For the second time, Mahomes has been embarrassed on football’s highest stage. Once is a fluke, but twice is a connection. 

His first Super Bowl loss (aka the COVID Championship) felt like an aberration. He had won his first Lombardi in the previous season and would contribute two more after, opening a dialogue about a dynasty.  

His 31-9 loss was also under the radar, hiding behind pro-Tampa Bay narratives. 

Mahomes congratulating Brady after Super Bowl LV

Leading up to the game, fans highlighted the Buccaneers’ becoming the first team to play the Super Bowl in their home stadium and the media was captivated by Tom Brady’s ascension into divinity. Eight months prior, Belichick had thrown him off the pirate shop, and here he was leading his new team to a title in his first season.

Once Tampa Bay had completed their Super Bowl triumph, Brady now claimed more Super Bowl titles than any individual franchise. 

Mahomes’ deplorable statline (26-49, 0 TD, 2 INT, 3 SK) was overshadowed by Brady’s contributions and became merely an afterthought on a stellar resume.

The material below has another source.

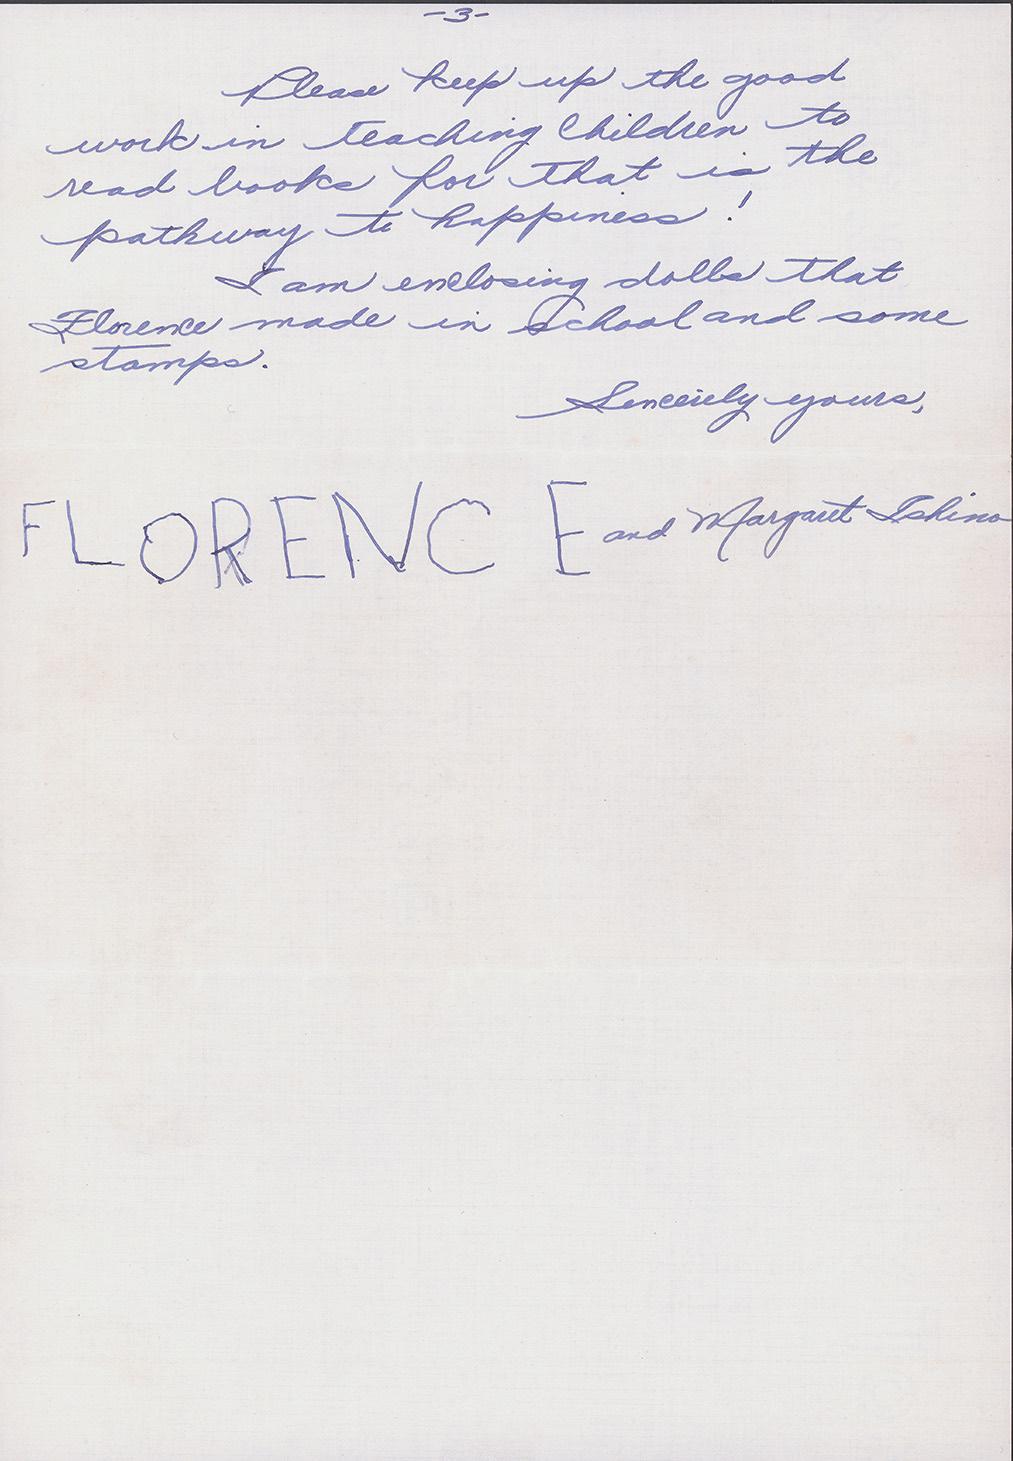 If you happen to have any discarded books, Florence and I would certainly appreciate them.

However, this past Sunday’s performance - an abominable no-show by Mahomes and co. changed his legacy.

In Mahomes’ two Super Bowl losses, his team hasn’t even sniffed a competitive fourth quarter with both game scores - differentials of 22 and 18 points - appearing closer than the actual gameplay would indicate. At least in Brady’s three Super Bowl losses, he kept his team competitive down to the wire, as each was a one score game with last-gasp Hail Mary attempts.

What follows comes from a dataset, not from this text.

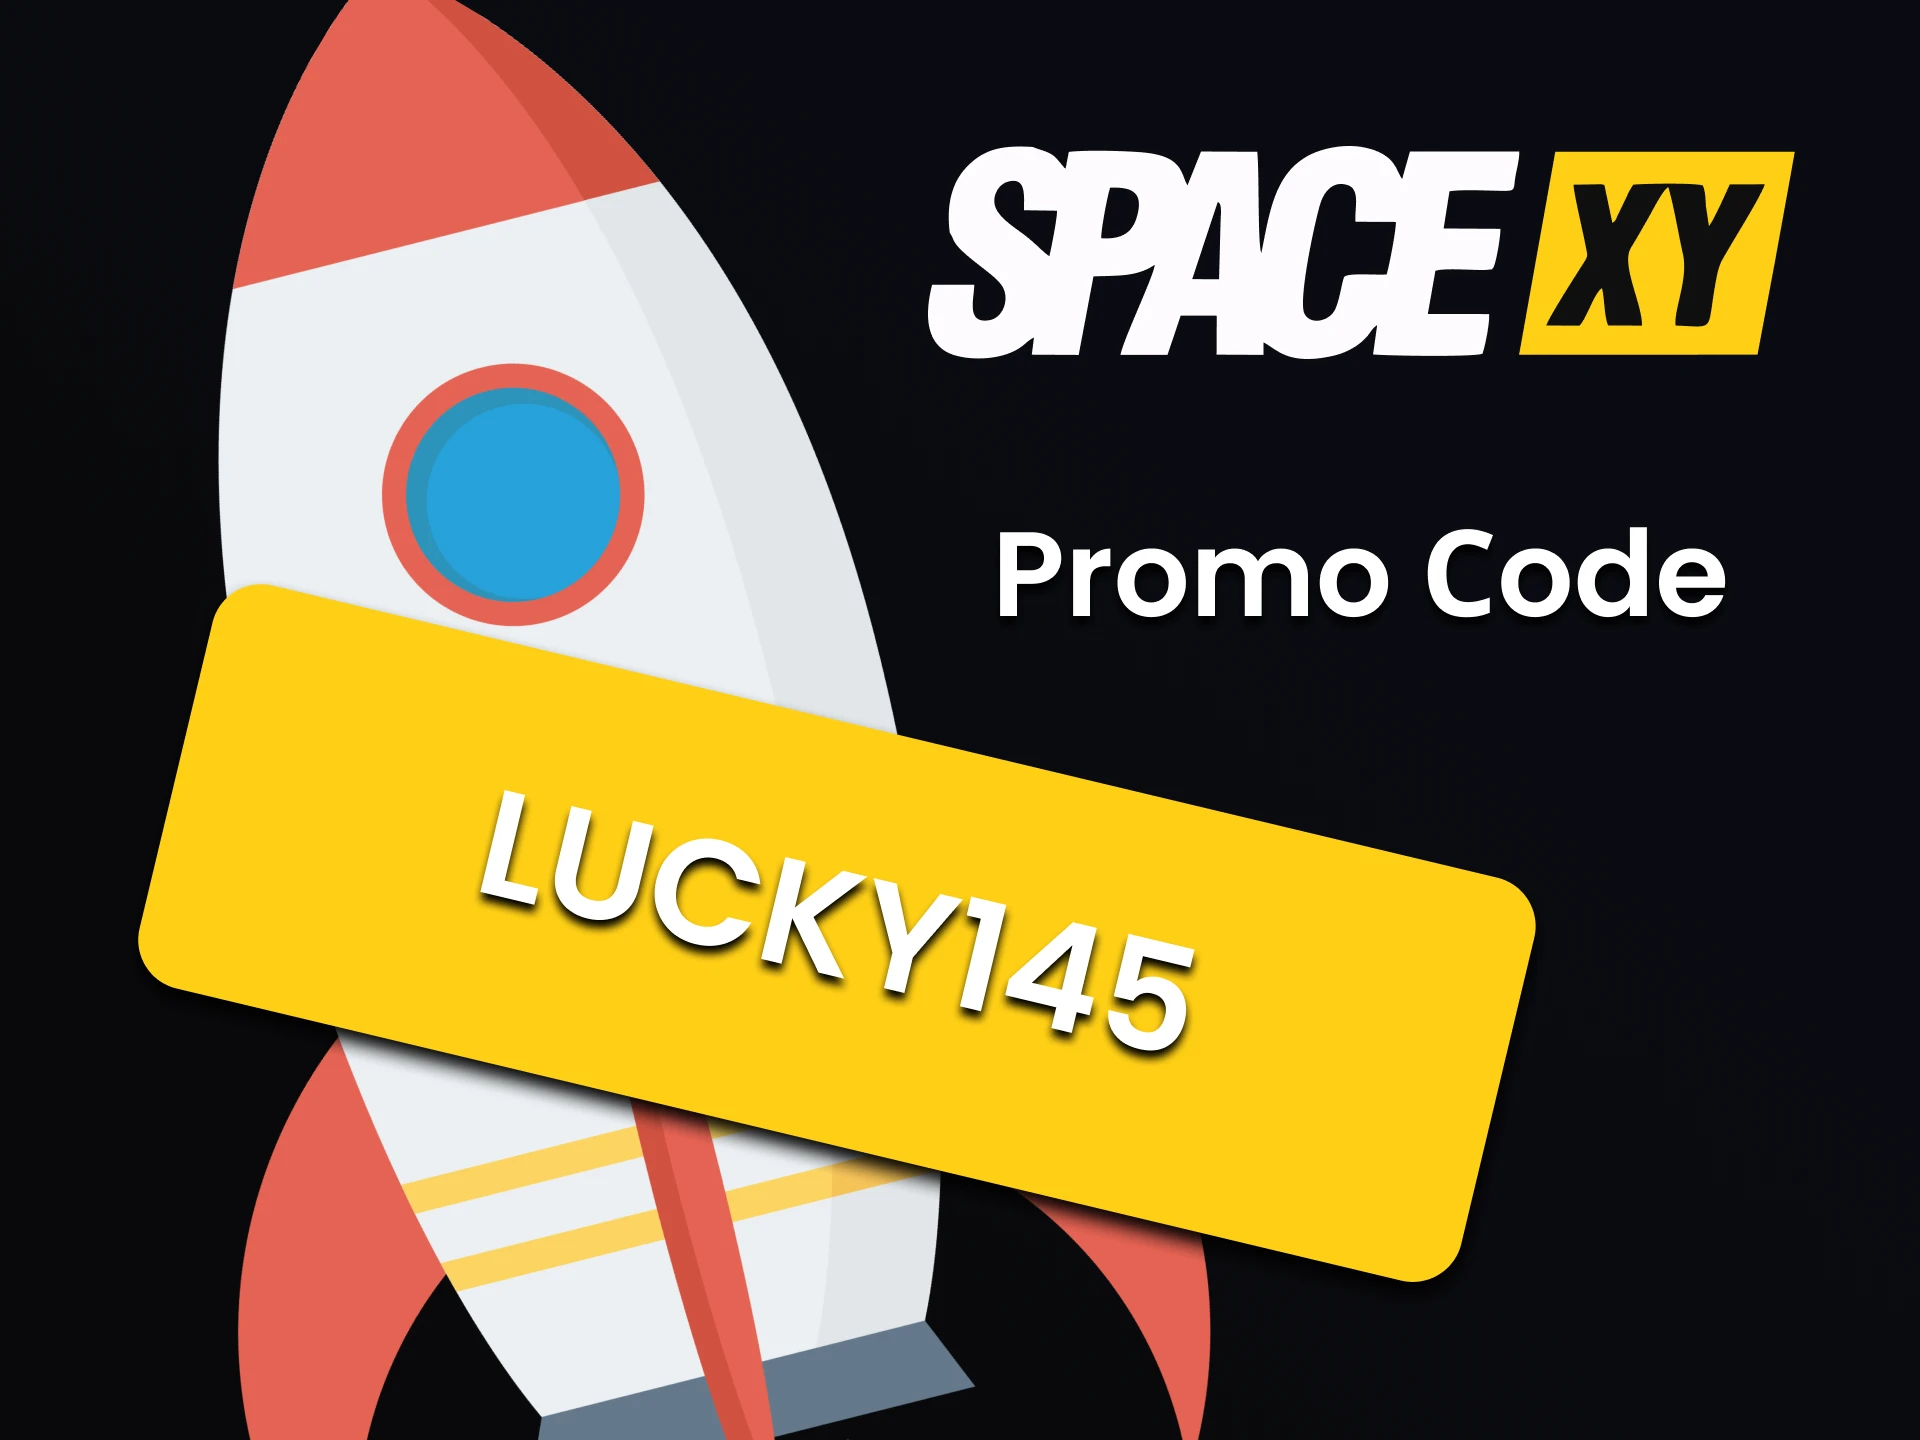 Use promo code to play Space XY.

Beyond looking at the back of one’s players card, we will remember players by how they made us feel through iconic moments captured on screen. In conjunction with images of Mahomes triumphantly smiling, joyfully screaming, and holding up the Lombardi, our brains are now seared with shots of Mahomes sitting on the sideline bench forlorn, bewildered, lips puckered.

Athletes have bad moments on the sidelines and the affect of many facial expressions or postures are taken out of context. Unfortunately for Mahomes, there’s no story in which those dismal images of him are taken out of context. 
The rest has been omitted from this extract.